=== Begin Enclosure ===

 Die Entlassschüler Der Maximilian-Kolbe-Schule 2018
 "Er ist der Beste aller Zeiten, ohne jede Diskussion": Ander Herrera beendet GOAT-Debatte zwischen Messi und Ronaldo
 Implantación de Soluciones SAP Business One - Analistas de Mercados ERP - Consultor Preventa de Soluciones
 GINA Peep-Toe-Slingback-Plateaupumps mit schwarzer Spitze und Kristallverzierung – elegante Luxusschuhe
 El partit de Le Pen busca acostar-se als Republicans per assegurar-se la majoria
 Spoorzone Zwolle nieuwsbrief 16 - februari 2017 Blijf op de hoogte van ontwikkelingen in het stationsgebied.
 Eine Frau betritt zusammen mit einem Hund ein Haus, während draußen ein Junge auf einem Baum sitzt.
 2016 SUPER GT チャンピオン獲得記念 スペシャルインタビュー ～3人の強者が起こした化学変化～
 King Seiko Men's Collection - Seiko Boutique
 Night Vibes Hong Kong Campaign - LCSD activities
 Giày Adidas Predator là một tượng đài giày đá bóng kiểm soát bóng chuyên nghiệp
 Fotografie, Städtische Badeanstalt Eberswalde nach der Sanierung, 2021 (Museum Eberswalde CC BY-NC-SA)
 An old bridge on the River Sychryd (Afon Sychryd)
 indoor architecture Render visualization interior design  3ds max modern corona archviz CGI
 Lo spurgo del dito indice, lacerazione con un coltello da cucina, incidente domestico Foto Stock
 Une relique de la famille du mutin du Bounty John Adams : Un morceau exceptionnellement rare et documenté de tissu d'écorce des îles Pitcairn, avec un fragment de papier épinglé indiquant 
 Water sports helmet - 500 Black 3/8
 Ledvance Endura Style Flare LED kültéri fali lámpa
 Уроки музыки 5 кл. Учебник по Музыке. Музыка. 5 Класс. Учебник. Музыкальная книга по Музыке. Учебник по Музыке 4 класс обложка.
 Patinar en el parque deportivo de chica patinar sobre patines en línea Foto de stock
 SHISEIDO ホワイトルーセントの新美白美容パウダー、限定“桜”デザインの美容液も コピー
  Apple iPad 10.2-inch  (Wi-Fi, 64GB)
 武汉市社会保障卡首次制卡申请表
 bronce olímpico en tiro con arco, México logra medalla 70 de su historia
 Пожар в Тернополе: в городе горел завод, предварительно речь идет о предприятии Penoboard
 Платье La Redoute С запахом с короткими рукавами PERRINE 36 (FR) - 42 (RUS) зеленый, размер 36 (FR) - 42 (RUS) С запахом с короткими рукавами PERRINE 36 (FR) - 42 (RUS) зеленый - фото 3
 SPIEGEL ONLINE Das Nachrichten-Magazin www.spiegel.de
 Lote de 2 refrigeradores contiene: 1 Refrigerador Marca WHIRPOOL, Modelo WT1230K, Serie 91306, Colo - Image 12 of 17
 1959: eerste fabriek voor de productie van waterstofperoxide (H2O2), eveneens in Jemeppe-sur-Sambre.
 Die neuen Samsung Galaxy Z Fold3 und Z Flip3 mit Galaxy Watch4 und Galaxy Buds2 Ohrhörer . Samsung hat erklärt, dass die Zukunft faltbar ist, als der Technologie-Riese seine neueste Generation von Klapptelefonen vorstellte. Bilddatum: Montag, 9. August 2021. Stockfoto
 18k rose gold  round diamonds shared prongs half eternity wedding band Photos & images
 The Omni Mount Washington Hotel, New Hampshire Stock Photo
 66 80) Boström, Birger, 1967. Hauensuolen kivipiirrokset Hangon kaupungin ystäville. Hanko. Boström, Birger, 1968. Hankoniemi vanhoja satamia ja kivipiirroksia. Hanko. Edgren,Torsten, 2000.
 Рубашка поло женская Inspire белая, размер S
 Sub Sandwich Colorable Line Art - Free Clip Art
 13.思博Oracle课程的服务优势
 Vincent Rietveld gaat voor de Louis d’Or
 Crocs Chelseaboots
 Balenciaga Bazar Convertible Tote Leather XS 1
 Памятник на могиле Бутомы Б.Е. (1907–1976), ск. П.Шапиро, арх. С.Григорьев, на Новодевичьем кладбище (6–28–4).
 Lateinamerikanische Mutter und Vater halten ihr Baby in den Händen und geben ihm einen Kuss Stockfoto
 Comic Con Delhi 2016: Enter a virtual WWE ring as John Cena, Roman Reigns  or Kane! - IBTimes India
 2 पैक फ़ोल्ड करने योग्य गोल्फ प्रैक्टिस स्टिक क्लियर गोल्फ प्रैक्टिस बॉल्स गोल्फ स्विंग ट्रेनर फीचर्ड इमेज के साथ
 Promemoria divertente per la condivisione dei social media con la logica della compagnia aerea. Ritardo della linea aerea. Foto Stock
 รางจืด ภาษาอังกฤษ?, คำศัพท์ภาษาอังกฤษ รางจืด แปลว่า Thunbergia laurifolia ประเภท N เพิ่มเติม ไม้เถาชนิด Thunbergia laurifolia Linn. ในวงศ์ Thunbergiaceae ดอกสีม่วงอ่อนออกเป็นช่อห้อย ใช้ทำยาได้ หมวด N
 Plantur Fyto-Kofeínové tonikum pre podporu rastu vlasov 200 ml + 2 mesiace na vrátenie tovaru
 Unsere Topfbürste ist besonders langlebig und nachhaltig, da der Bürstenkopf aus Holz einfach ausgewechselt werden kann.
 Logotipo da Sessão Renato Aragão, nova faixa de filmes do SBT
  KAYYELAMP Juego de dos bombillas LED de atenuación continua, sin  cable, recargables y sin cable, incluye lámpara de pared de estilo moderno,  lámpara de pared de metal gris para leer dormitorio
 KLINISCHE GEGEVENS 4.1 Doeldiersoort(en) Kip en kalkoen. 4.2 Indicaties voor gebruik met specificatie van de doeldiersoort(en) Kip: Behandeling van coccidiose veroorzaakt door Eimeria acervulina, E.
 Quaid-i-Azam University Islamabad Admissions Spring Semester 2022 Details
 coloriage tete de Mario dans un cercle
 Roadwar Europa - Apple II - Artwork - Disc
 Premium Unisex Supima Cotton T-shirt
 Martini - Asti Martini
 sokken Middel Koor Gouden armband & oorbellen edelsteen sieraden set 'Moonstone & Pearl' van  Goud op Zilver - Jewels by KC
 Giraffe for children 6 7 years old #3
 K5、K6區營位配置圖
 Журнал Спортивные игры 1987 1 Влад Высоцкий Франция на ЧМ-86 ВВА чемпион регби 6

=== End Enclosure ===

**Task prompt:** Beginning with the line above that contains "Уроки музыки 5", copy each line exactly up to and including the line that contains "Lote de 2 refrigeradores", and go no further.

**Solution for this exercise:**
 Уроки музыки 5 кл. Учебник по Музыке. Музыка. 5 Класс. Учебник. Музыкальная книга по Музыке. Учебник по Музыке 4 класс обложка.
 Patinar en el parque deportivo de chica patinar sobre patines en línea Foto de stock
 SHISEIDO ホワイトルーセントの新美白美容パウダー、限定“桜”デザインの美容液も コピー
  Apple iPad 10.2-inch  (Wi-Fi, 64GB)
 武汉市社会保障卡首次制卡申请表
 bronce olímpico en tiro con arco, México logra medalla 70 de su historia
 Пожар в Тернополе: в городе горел завод, предварительно речь идет о предприятии Penoboard
 Платье La Redoute С запахом с короткими рукавами PERRINE 36 (FR) - 42 (RUS) зеленый, размер 36 (FR) - 42 (RUS) С запахом с короткими рукавами PERRINE 36 (FR) - 42 (RUS) зеленый - фото 3
 SPIEGEL ONLINE Das Nachrichten-Magazin www.spiegel.de
 Lote de 2 refrigeradores contiene: 1 Refrigerador Marca WHIRPOOL, Modelo WT1230K, Serie 91306, Colo - Image 12 of 17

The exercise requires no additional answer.